The Anthropocene is described as the time that humans have been on Earth, categorised by our rapid industrial development through which the biosphere drastically changed. Motivated by self-interests, the declining state of our environment continues, generating a hope that the future will not be bleak as forecasted. We, as a whole, have fallen into the trap of hope. Dunne and Raby (2013, p. 1) argue that we hold so much hope for the future that fundamentally, “we are just hopeful.” It is now much easier to imagine a dystopic future than one of positive progression or utopia. In popular fiction, our planet faces a myriad of inevitable dooms that threaten the human race – potentially wiping it out altogether. Never is the box office short of a film that taps into this post-apocalyptic genre. It feeds public paranoia of artificially-intelligent technology gone awry, the depletion of resources, overpopulation and the continual entrenched reign of capitalism. Yet written as fiction, these apocalyptic ends seem more plausible than one of a Gaia and we continue to cling onto hope.

There is a disconnect between our current actions and the future. The future is problematically seen as a void (Fry 2009) when it is a reaction to the present. Latour points out that “as long as we rely on hope, we still expect to escape from the consequences of our actions.” (2013, p. 12) This expectation is flawed and as designers in the Anthropocene, it is beneficial to foster a future-oriented mindset. By being able to design in relation to the future, notions of techno-utopia could become feasible. The film, Her (2013), is rare in its kind – it does not demonise future machines. It proposes struggles of social alienation that comes in hand with technology, but technology is not depicted as a dark, faceless monster. Rather, it is a system that exists naturally in our lives, personalising and magnifying our experience of the world, a direction we are already moving in. If technology can do this for us, can it also be engineered to safeguard our biosphere (also for us)?

Her (2013) directed by Spike Jonze

Latour (2013) states that we cannot restart or rewind – we must work with the current state of the Earth. Our hope has created a void in interdisciplinary design and technological solutions. Innovations such as AirCarbon, thermoplastics materialised from greenhouse gases (Doody 2014), have a far way to go before becoming an effective and beneficial response to atmospheric pollutants. The emissions from constructing and powering these facilities currently outweigh the benefits that AirCarbon can bring, thus, it remains a stagnant resolution. The absence of efficient solutions implemented into the current capitalist system highlights how we fail to address the reality of environmental crises.
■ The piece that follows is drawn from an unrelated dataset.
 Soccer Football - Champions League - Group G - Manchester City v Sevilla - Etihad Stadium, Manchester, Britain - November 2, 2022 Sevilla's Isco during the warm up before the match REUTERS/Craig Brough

AirCarbon GHG-to-plastic process (2015) by Newlight Technologies

We need to reconsider the ramifications of our impressions as we are a pin dot in the timeline of Earth’s existence, and in order to conserve our species, we must consider where we and technology fit in the Anthropocene. As Cascio (2008) argues, the Earth has survived far worse than what we, as humans, have inflicted and will slowly recover – however, humanity will struggle to survive in an increasingly hostile climate. The consideration of our environment becomes a consideration for self and our interests to thrive.
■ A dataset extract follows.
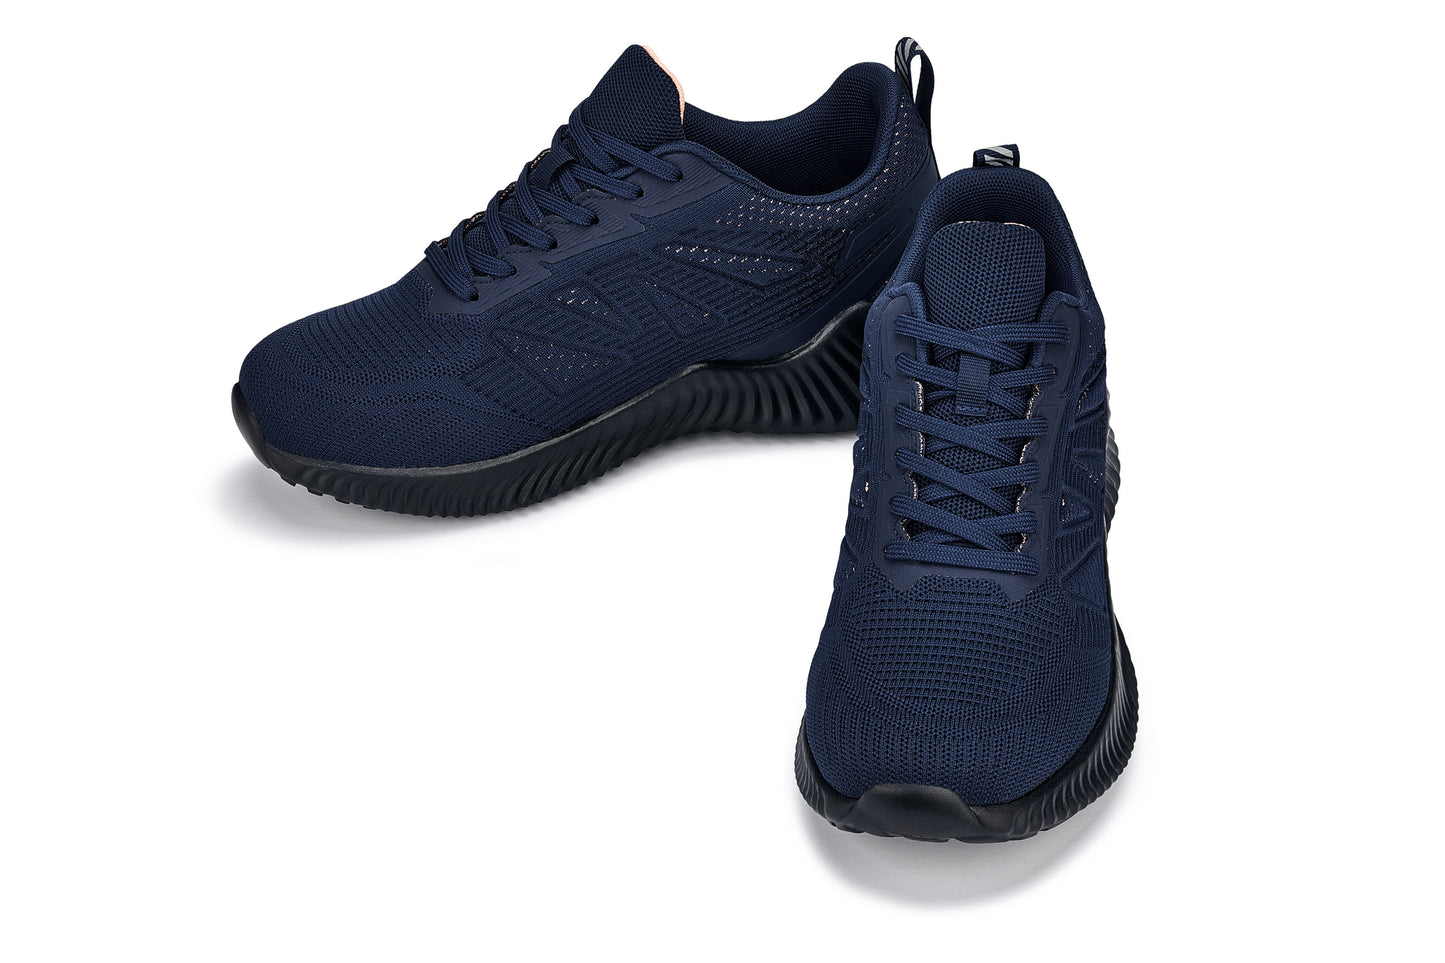 CALTO - Q222 - 2.6 Inches Taller (Navy/Coral) - Lightweight Sporty Sneakers

Cascio, J. 2008, ‘The Earth will be just fine, thank you,’ Open the Future, 23 April, viewed 11 October 2015, <http://www.openthefuture.com/2008/04/the_earth_will_be_just_fine_th.html>.

Doody, D. 2014, ‘Can today’s technology save us?,’ Ensia, 24 February, viewed 11 October 2015, <http://ensia.com/features/can-todays-technology-save-us/>.

Dunne, A. & Raby, F. 2013, Speculative everything: design, fiction and social dreaming, MIT Press, Cambridge, Massachusetts.

Fry, T. 2009, Design futuring: sustainability, ethics and new practice, Berg, Oxford.

Her 2013, motion picture, Warner Bros. Pictures, United States.

Latour, B. 2013, ‘Telling friends from foes at the time of the Anthropocence,’ EHESS-Centre Koyré-Sciences symposium on Thinking the Anthropocene, 14-15 November, Paris, <http://www.bruno-latour.fr/sites/default/files/131-FRIENDS-FOES.pdf>.


One comment

  1. It is refreshing to see a shift away from the common discontentment malaise of society towards an existence where ‘hope’ exists. You should take a read of ‘Abundance’ by Peter Diamandis as he talks about an optimistic future characterised by emergent forces in innovative technologies targeting humanity’s most pressing problems and his notions of establishing change.